Wednesday, January 18, 2012

All Dolled Up artist talk: Part Two

This is a continuation of my upcoming artist talk.....  The first part can be read here.
If anyone has any idea how to judge how long a talk will be by word count, please give me some idea.  I am sure there must be some kind of ball park figure, but Googling left me with nothing. 

When I think about those days, my life seems like some sort of carefree dream.  But, after my first year at MCA, everything changed.  The week before finals, I got an email (I had no phone at the time) from my brother explaining that my mom was in the hospital and they found a stage 4 glioblastoma tumor in her brain.  For those of you that don't know---all of those words are terrifying.  I knew already, because that is the same type of cancer that my father died from 11 years earlier.  So, it was just this horribly awful coincidence, probably combined with some environmental factors.

This is not the picture I want to include in my talk, but it is the only one of my mom I have on my computer at the moment.  I just finished going through some albums, and found a much better one, but this will have to do for now.  She is the bride.
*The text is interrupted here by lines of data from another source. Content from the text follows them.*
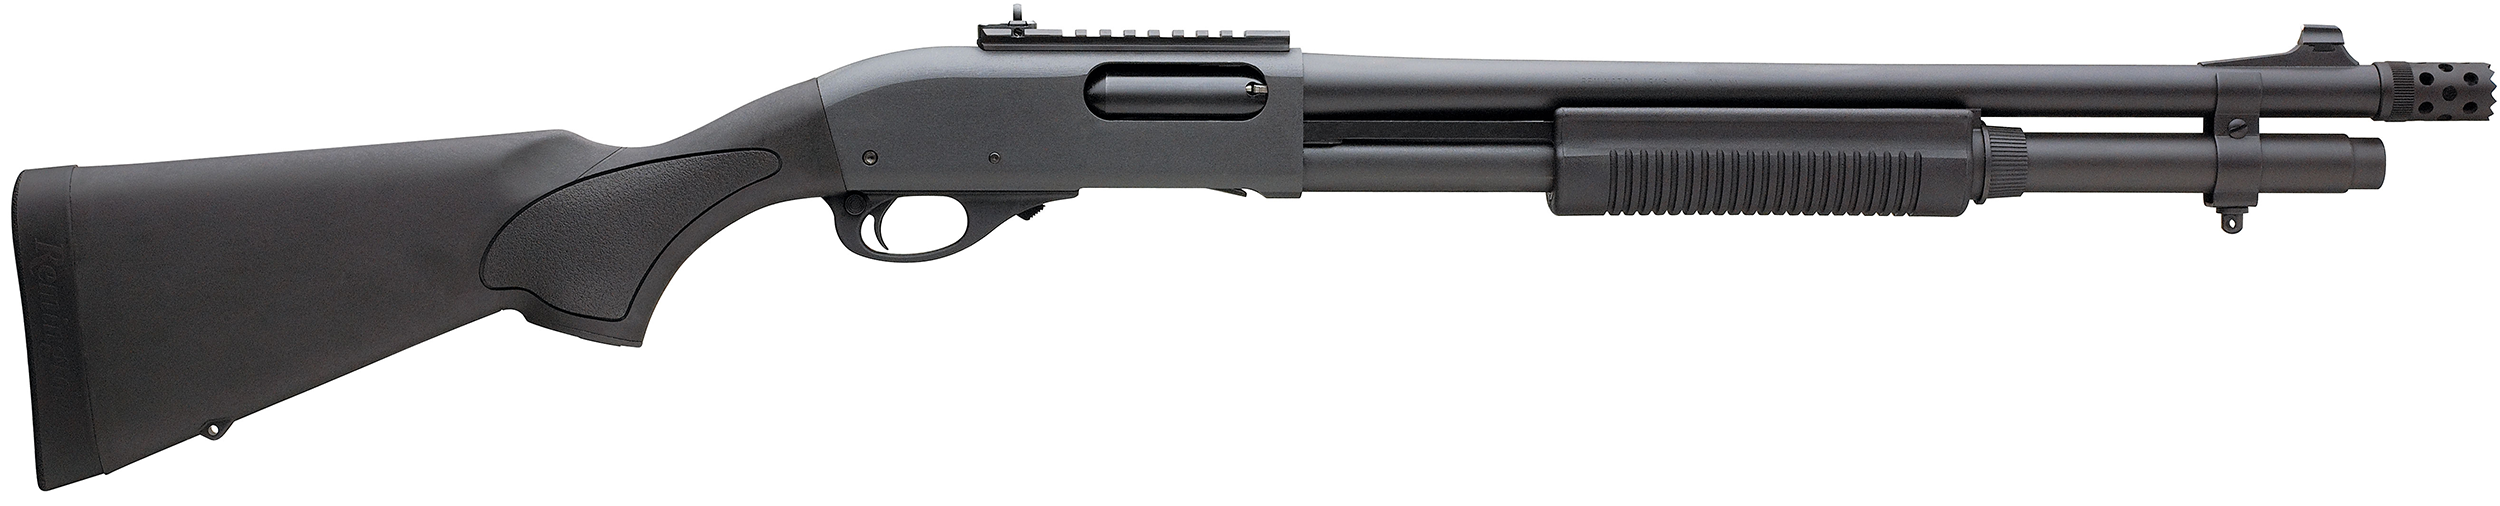 https://cityarsenal.com/product/remington-870-tactical-12ga-pump-action-shotgun-black-r81198/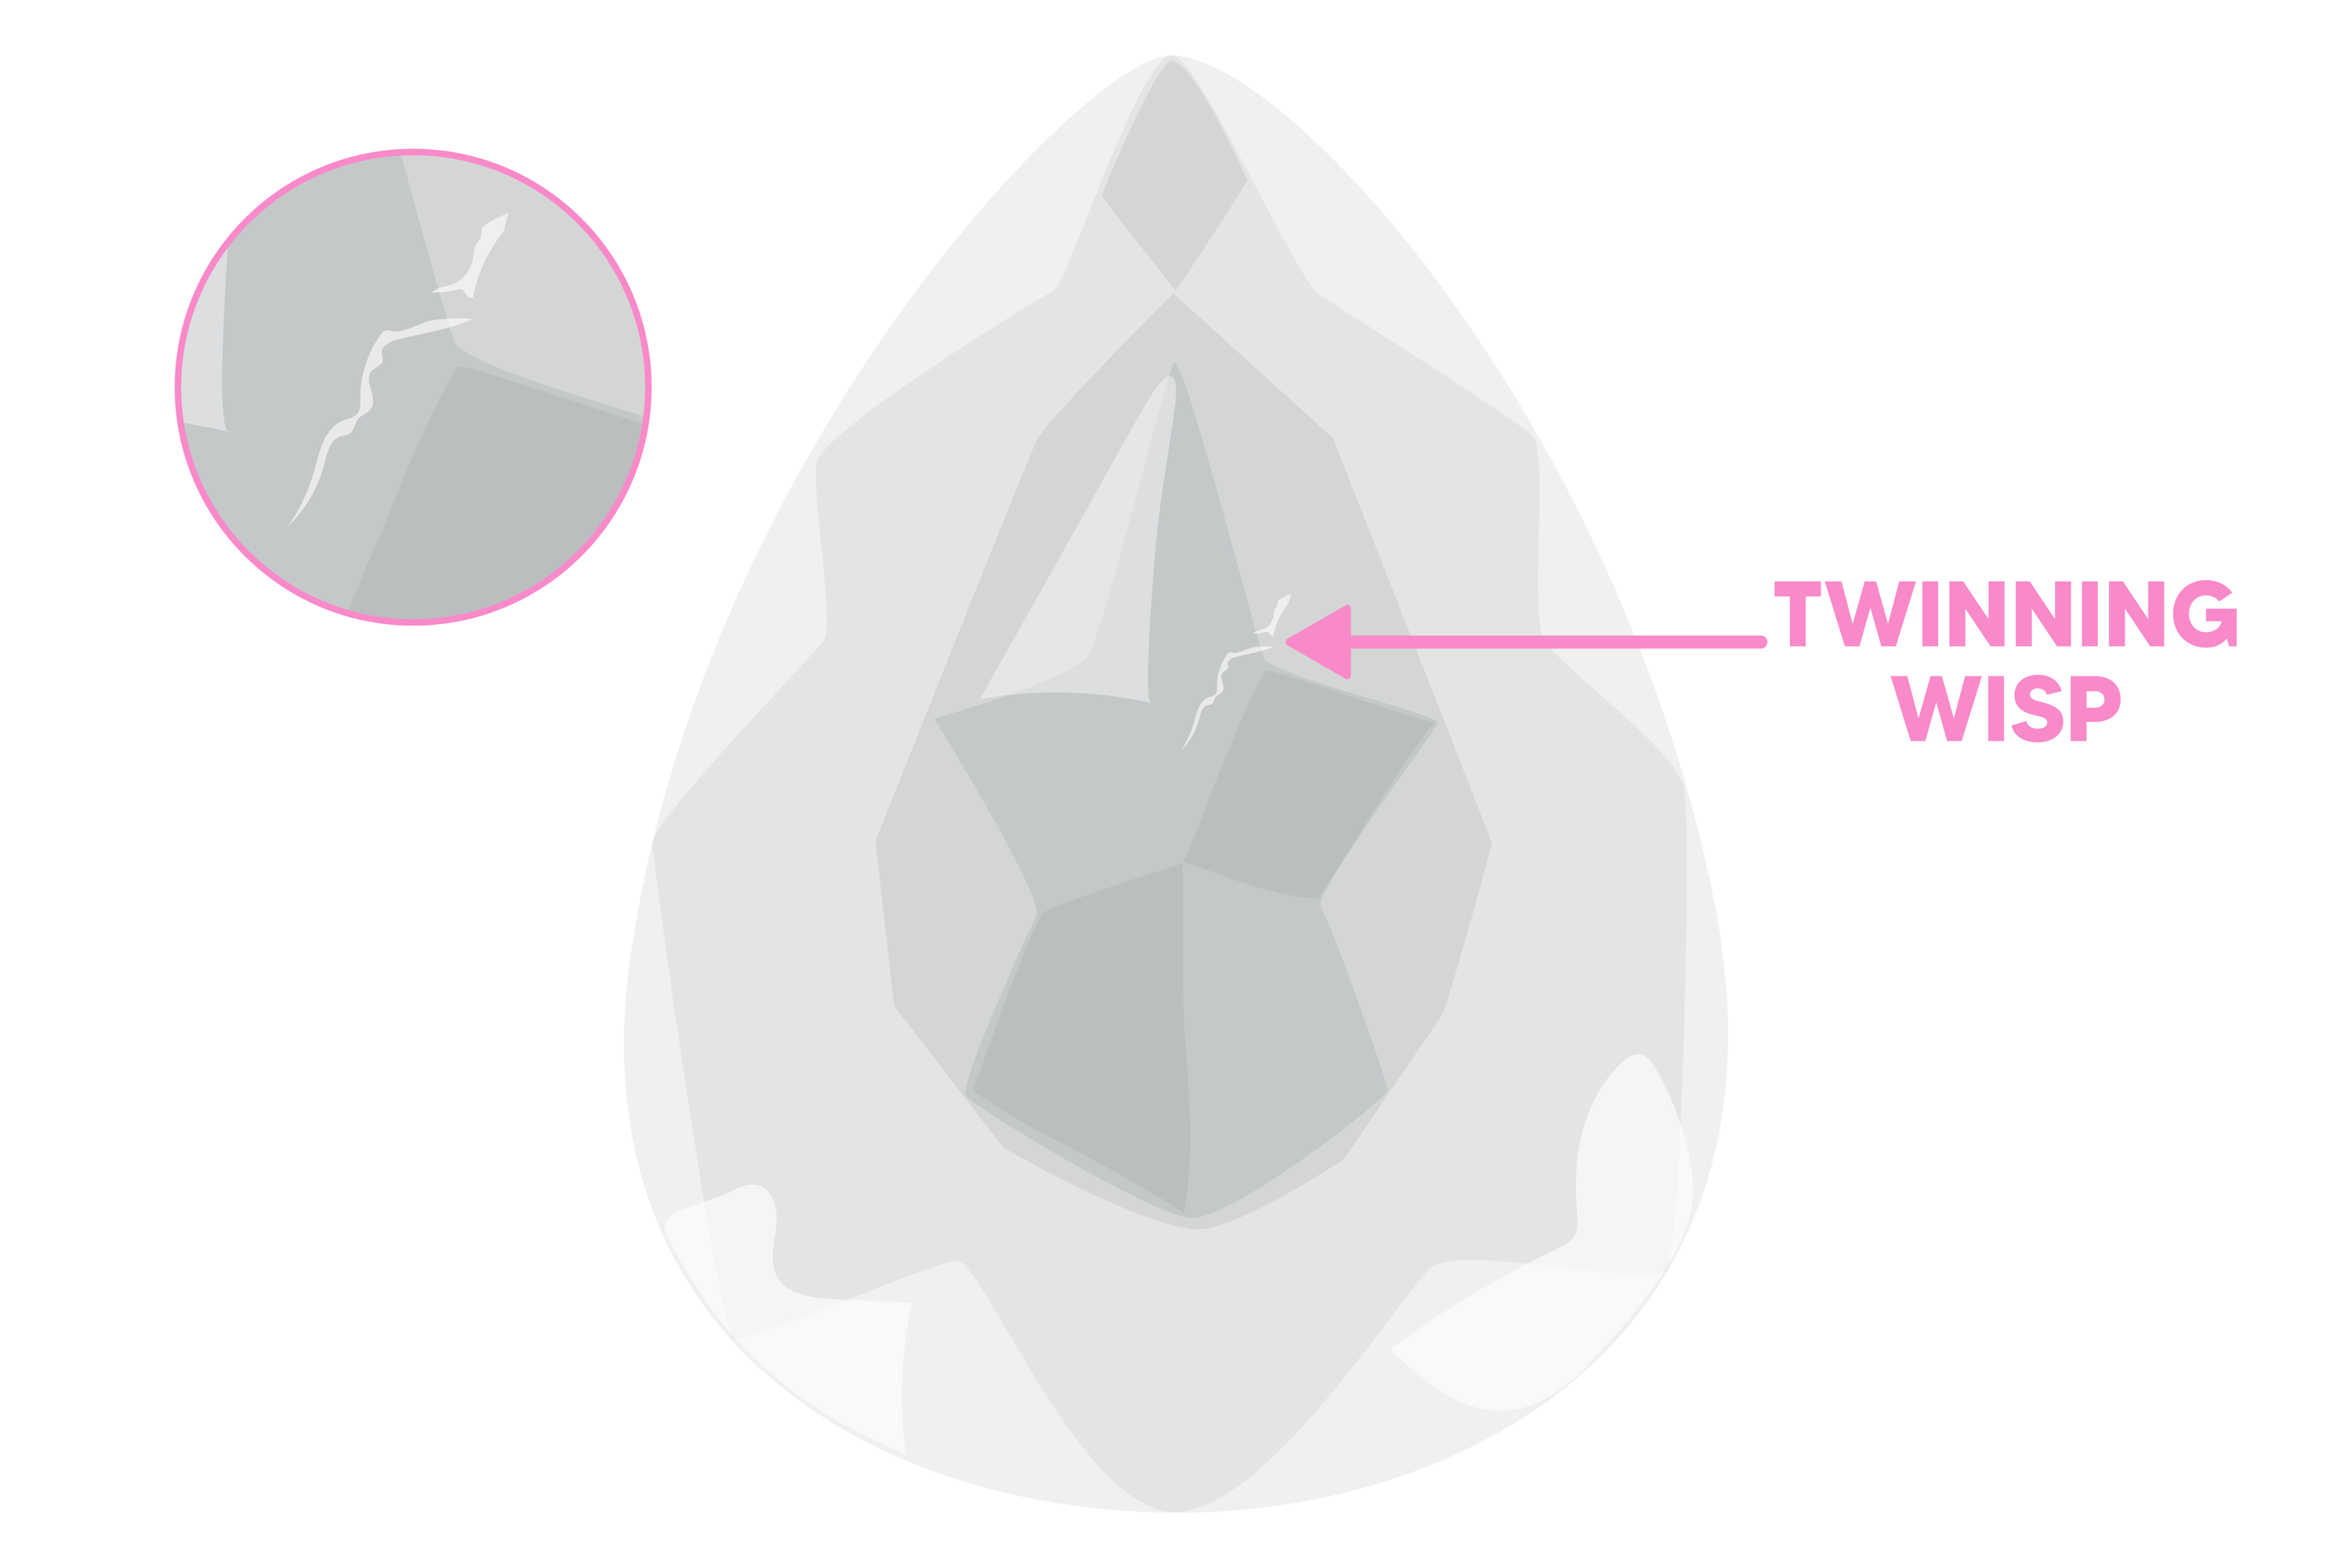 Twinning wisp diamond inclusion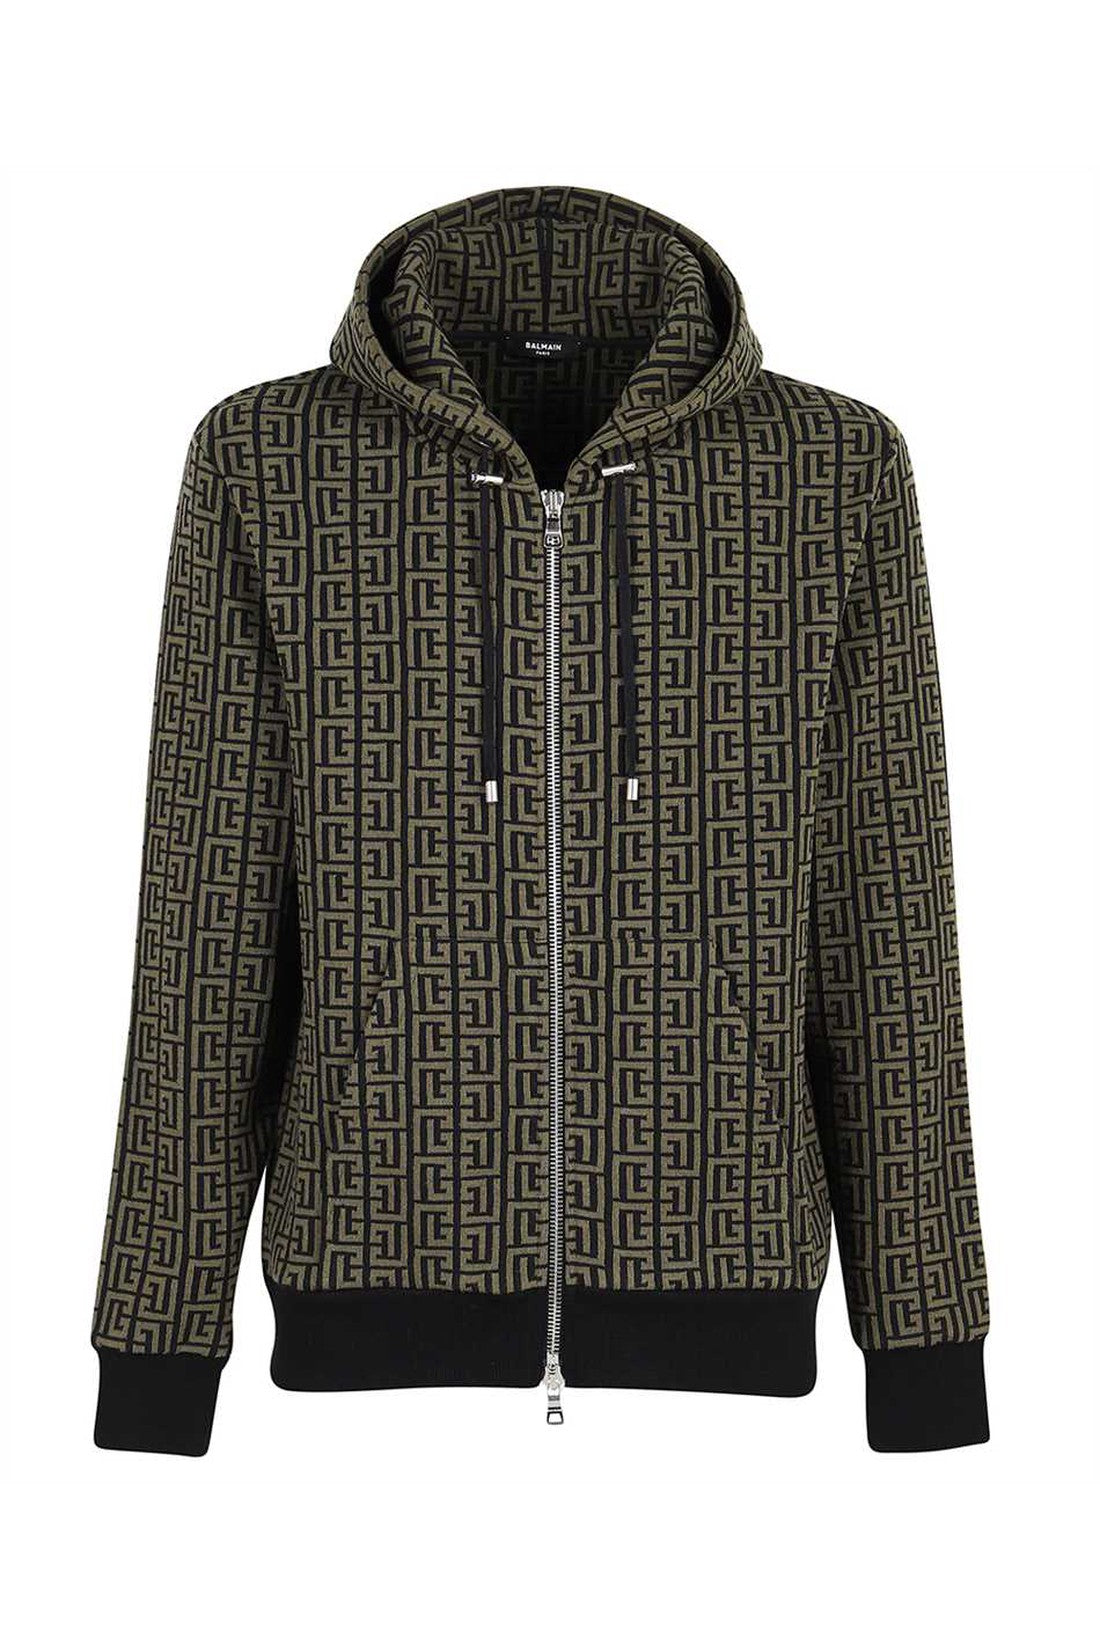 Balmain-OUTLET-SALE-Knitted full-zip sweatshirt-ARCHIVIST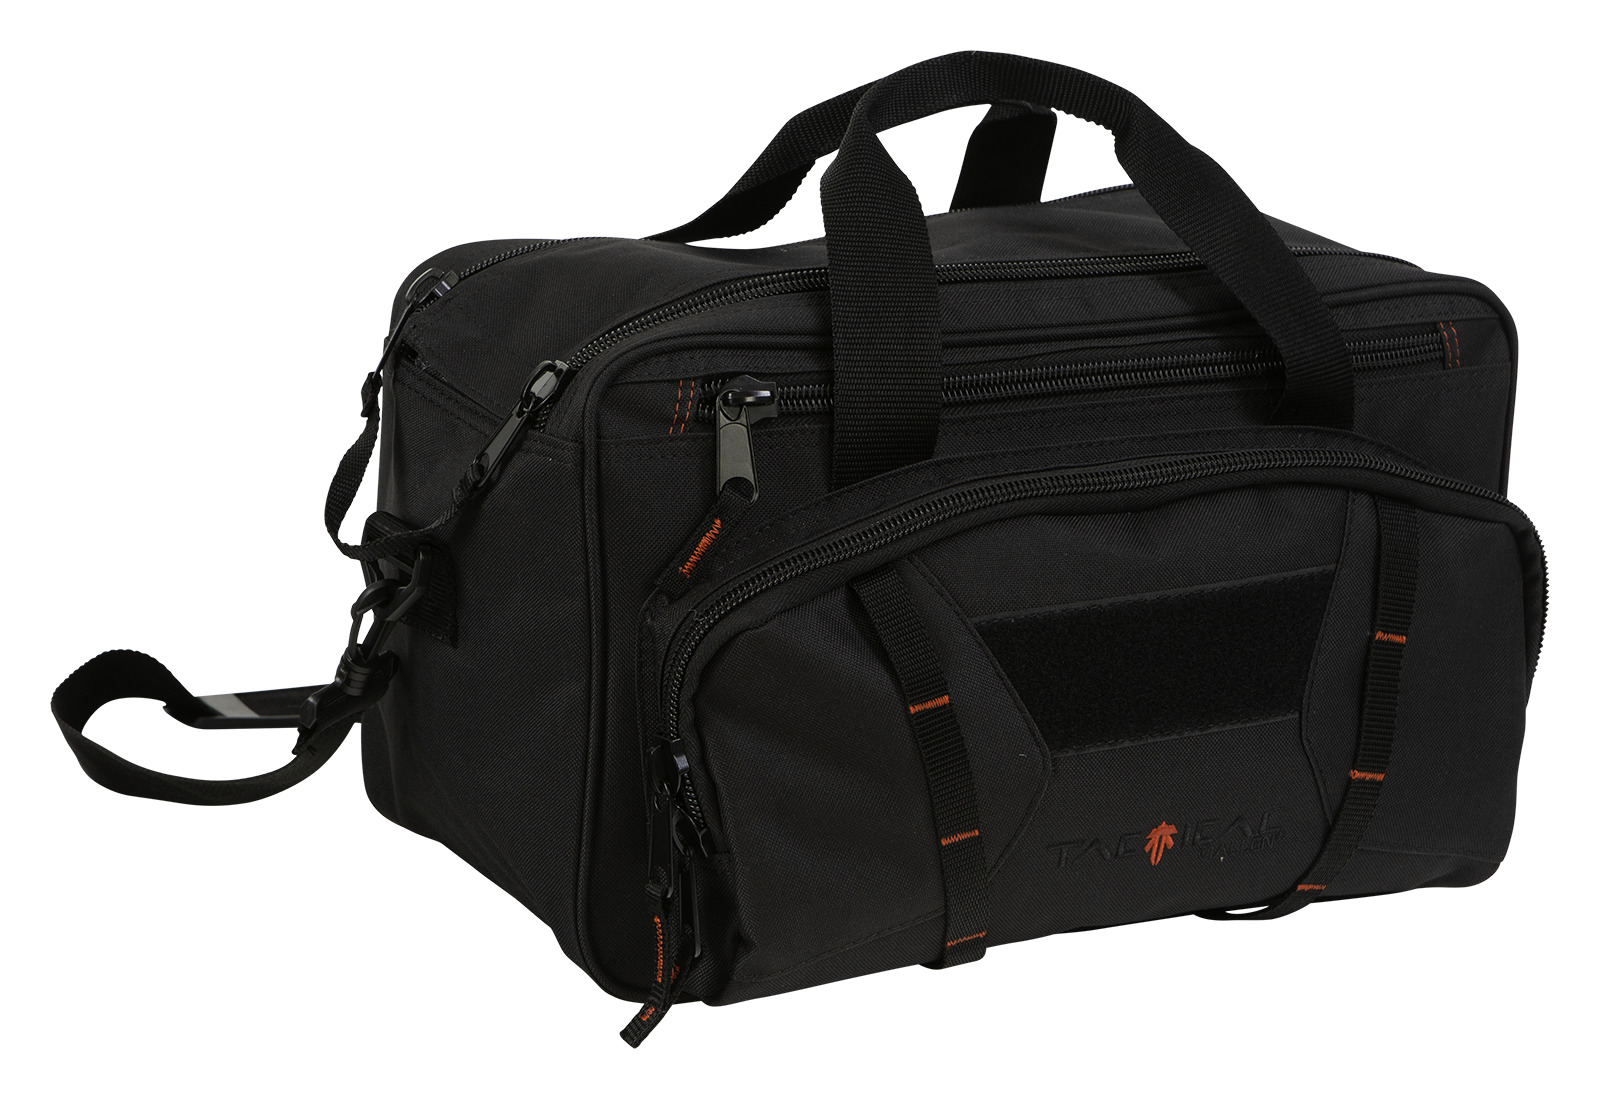 Tac-Six Tactical Sporter Range Bag, Black/Red : Ausable River

They operated on my mom's brain, and because this type of tumor is highly aggressive, she was given a prognosis of three months to live.  I quit art school and moved back home to be with her.  I have three brothers.  Two lived near home and one moved back home from California.   Her surgery happened right at the end of spring, and so we expected to have only the summer with her.  Because she was given a terminal diagnosis, she was able to cash in on her life insurance money, so we took her to France.  I come from a very Catholic family and one of my brothers and I took her on a sort of pilgrimage to a town called Lourdes, where Saint Bernadette had visions of Mary in a grotto, and supposedly if you drank the holy water there, it could heal your infirmities.  I don't know what we expected, really.  Those first few months were very surreal.  Time felt borrowed, and passed strangely.  There was pressure to make every moment special, which made things awkward in a way, until we all found a new normal.  During that time, I actually found myself thinking of my dad a lot.  When he passed, it wasn't so difficult for me.  I was a child, and I missed him horribly.  He was a very buoyant guy who filled up the room with his charisma; and he was a great, fun, engaging father.  I just believed what everyone said about heaven.  One day he was suffering, and then the next he was in heaven, and I would see him again some day.  I understood that easily, as a child does.  Our relationship was never confusing, like how parent-child relationships get when you go past the "my mom/dad is my hero" stage.  So, in a way I never properly grieved after he died, and watching my mom go through the same thing he went through, hit me double-fold, as I am sure it also hit her.  I began looking through family photo albums.  My mom kept really great ones.  I especially loved looking at the ones from when my parents were my age.

Meanwhile, as a result of either the holy water, or aggressive, experimental treatment, or a combination of both, my mom's tumor wasn't growing back, and she was healing pretty well.  She had a horrible short term memory and couldn't go back to work, but she was volunteering at a hospital and living a pretty normal life.  I decided to stay with her and commute to school at the Art Institute of Chicago.  I was determined to be a serious artist, and that was the school for serious artists.